Each projected angle is reconstructed individually enforcing phase and amplitude complex constraints45 using the NADIA software library (NADIA Software Project http://www.coecxs.org/joomla/index.php/research-and-projects/nadia-software-project.html). To increase the speed of convergence of the reconstruction algorithms, the transmission function from each projection was used to bootstrap the subsequent projections, leading to a faster, more reliable convergence for each projection43, as illustrated by Peterson et al.25. Using this method, projections with 50 exposures per ptychographic position were reconstructed with 2000 iterations of the ER phase retrieval algorithm, while the remaining projections were reconstructed with 400 iterations.
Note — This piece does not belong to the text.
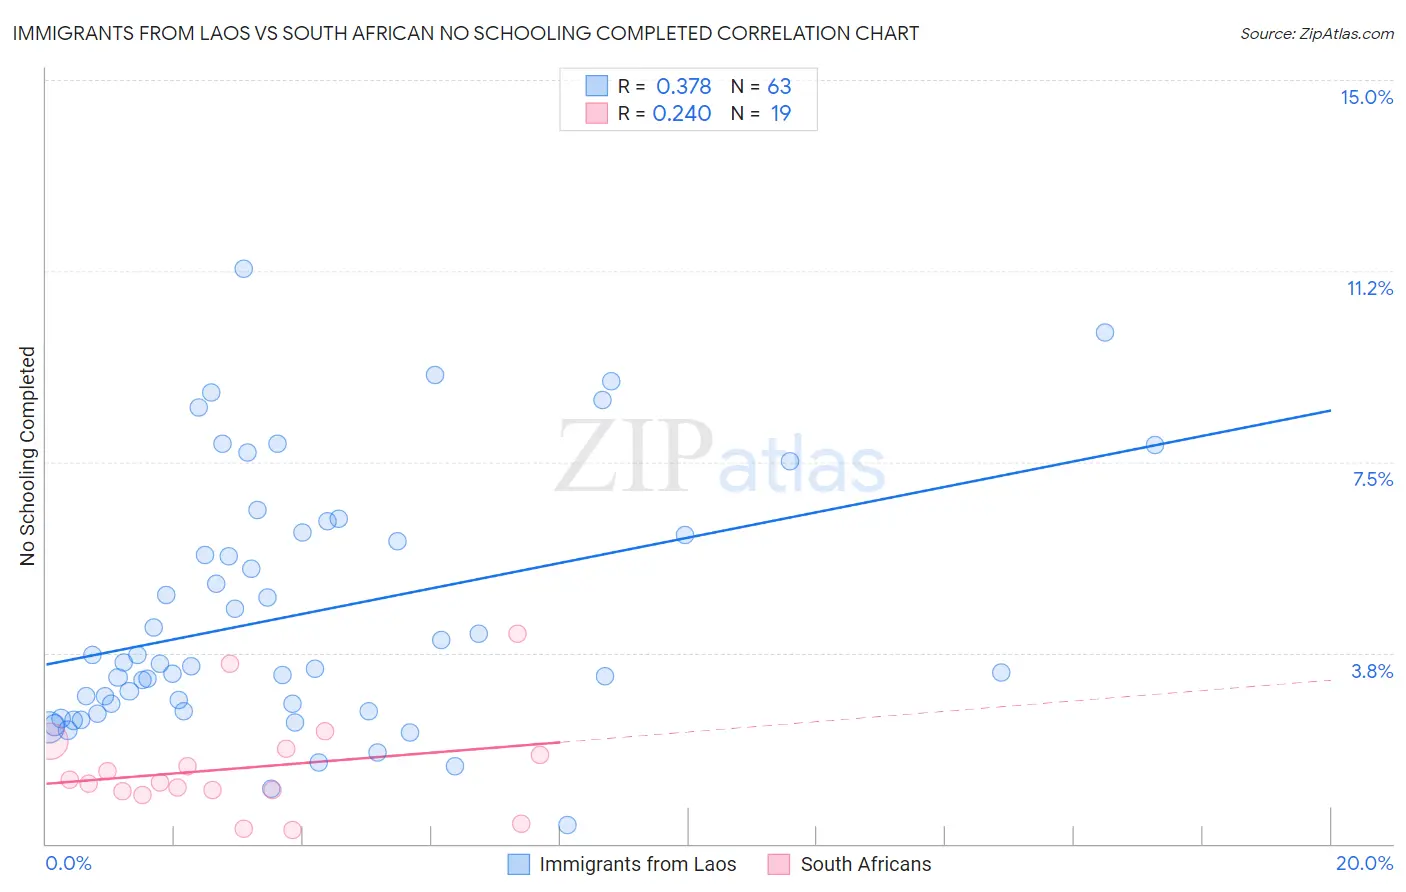 Immigrants from Laos vs South African No Schooling Completed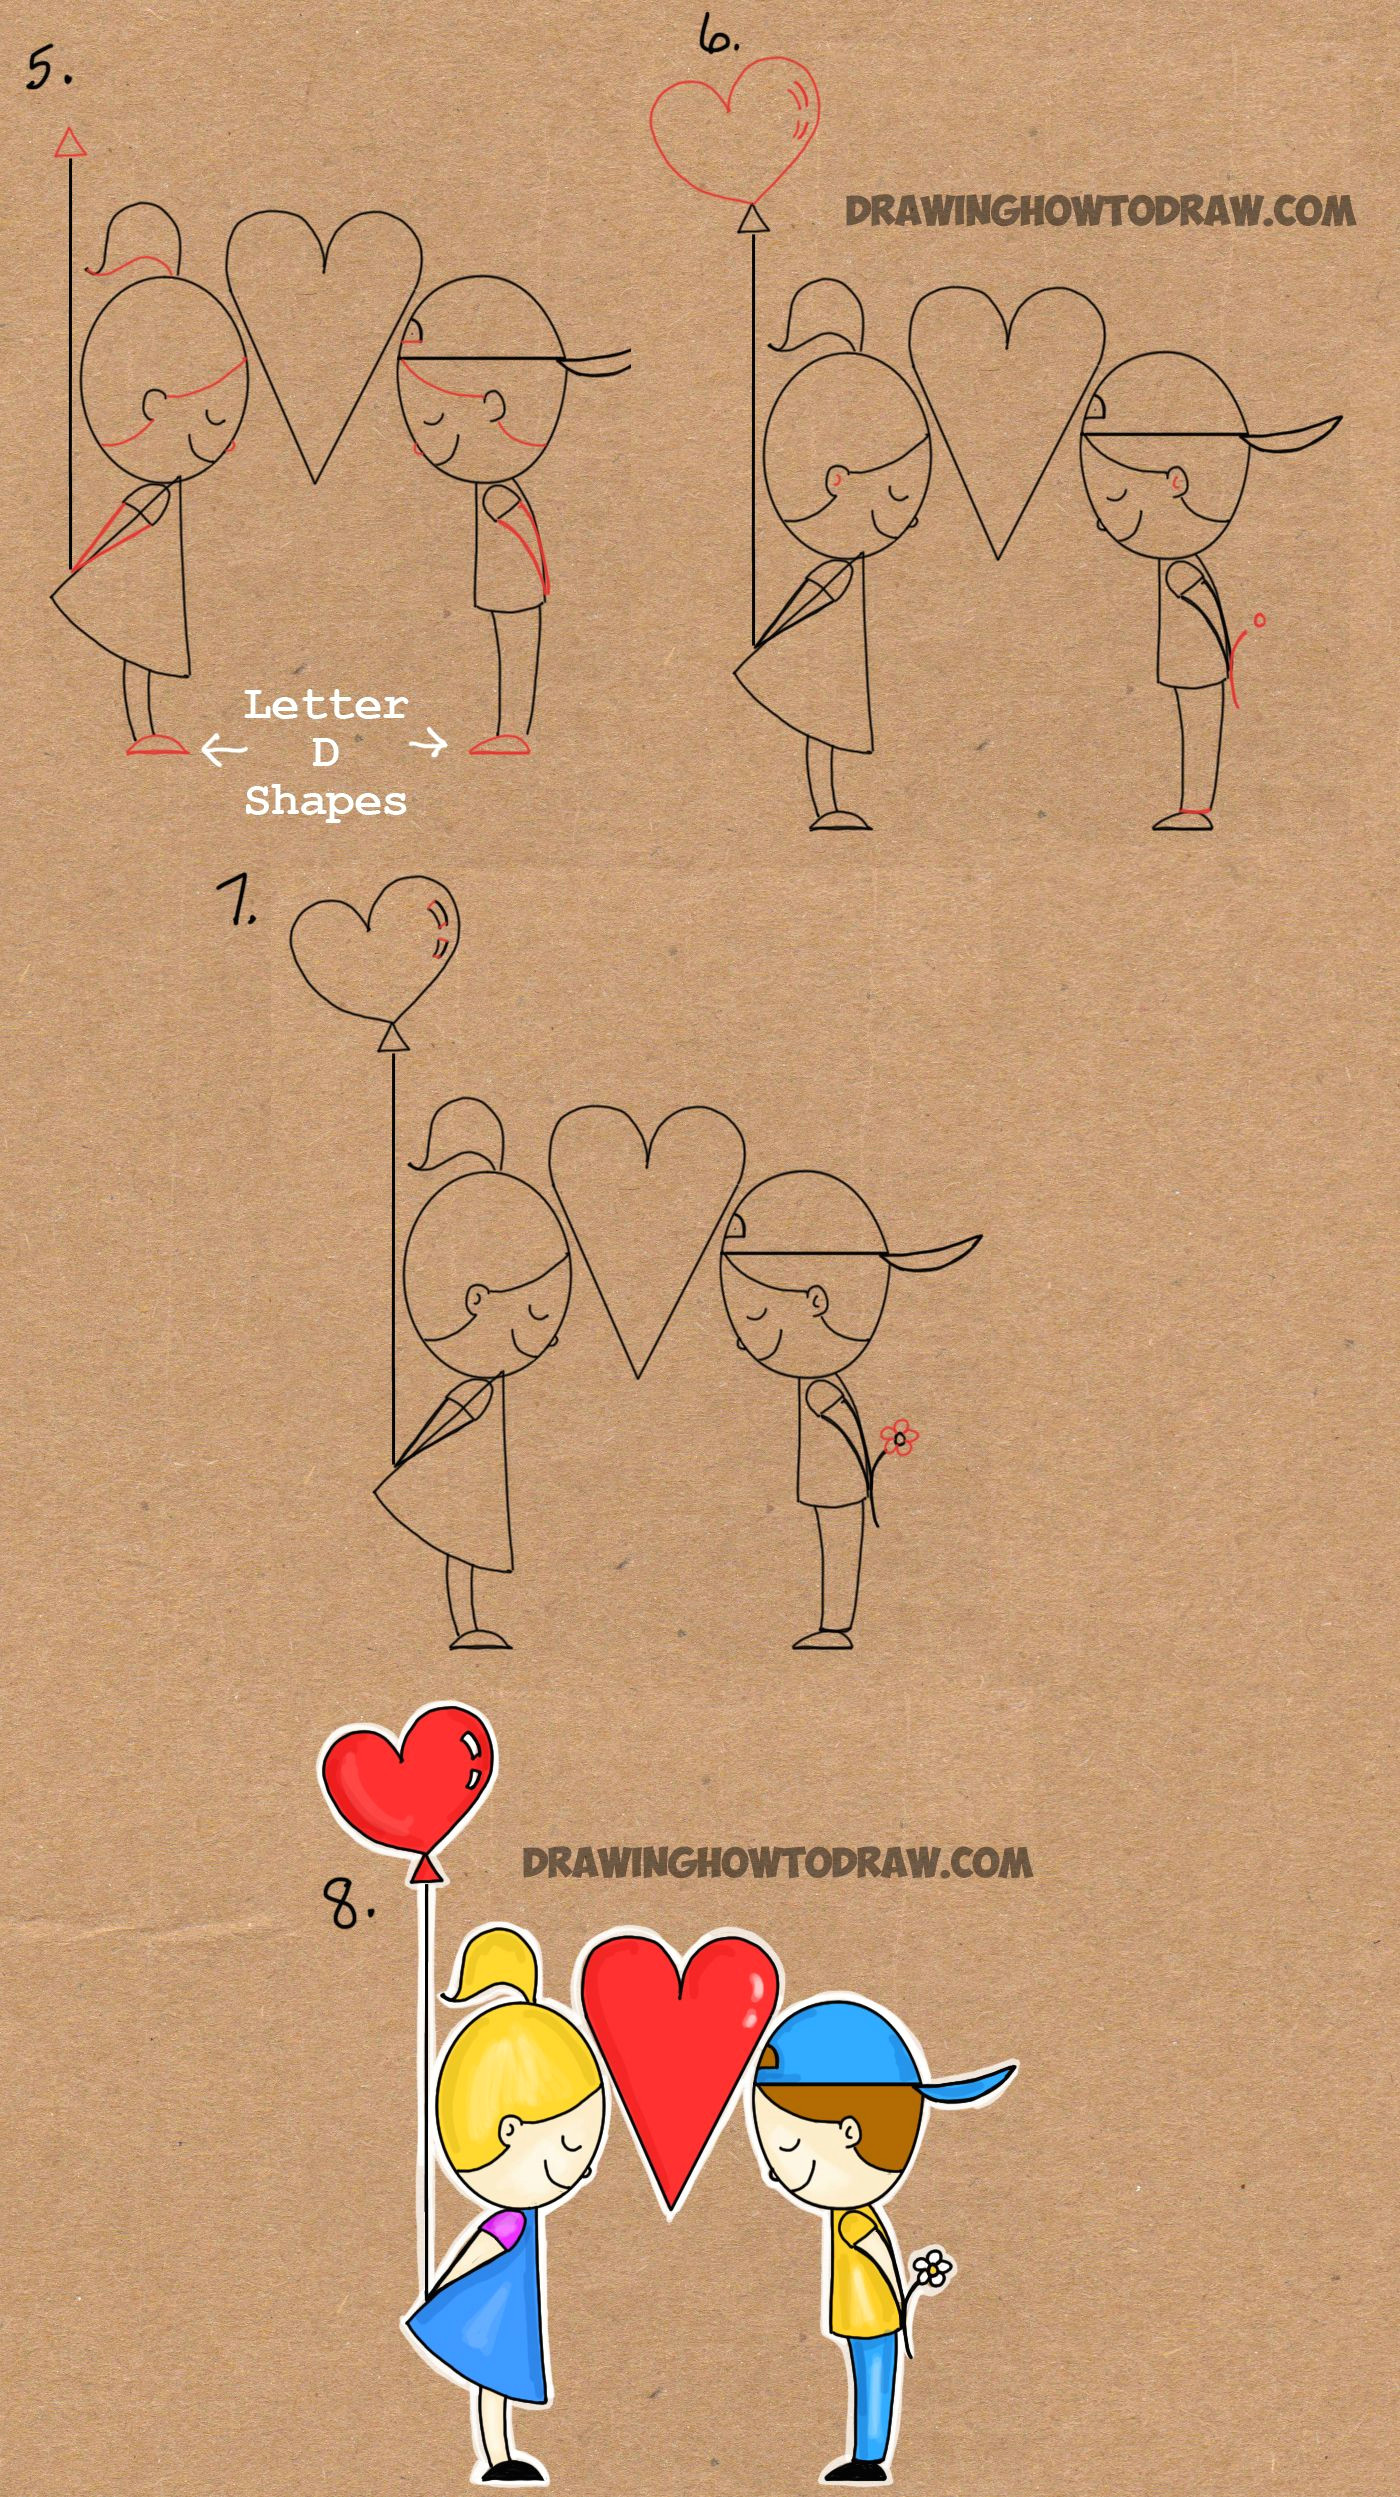 Easy Drawings Using Words How to Draw Cartoon Kids In Love From the Word Love In This Easy

The individual projections were coarsely aligned before sinograms were created. Jitter in the sinograms was corrected using the iterative method that does not require fiducial markers inserted within the specimen described by Abbey et al. (Abbey, B. et al. Iterative Marker-Free Alignment Method for Low Quality Tomography Data, unpublished data). The tomograms were then reconstructed using the algebraic reconstruction tomography (ART) algorithm based on the Kaczmarz algorithm28. Due to the relatively high number of projections, qualitative convergence of the algorithm was achieved within 10 iterations. Segmentation based on the measured refractive indices of each reconstructed voxel, as described in the results section and volume rendering was done using the Amira software package.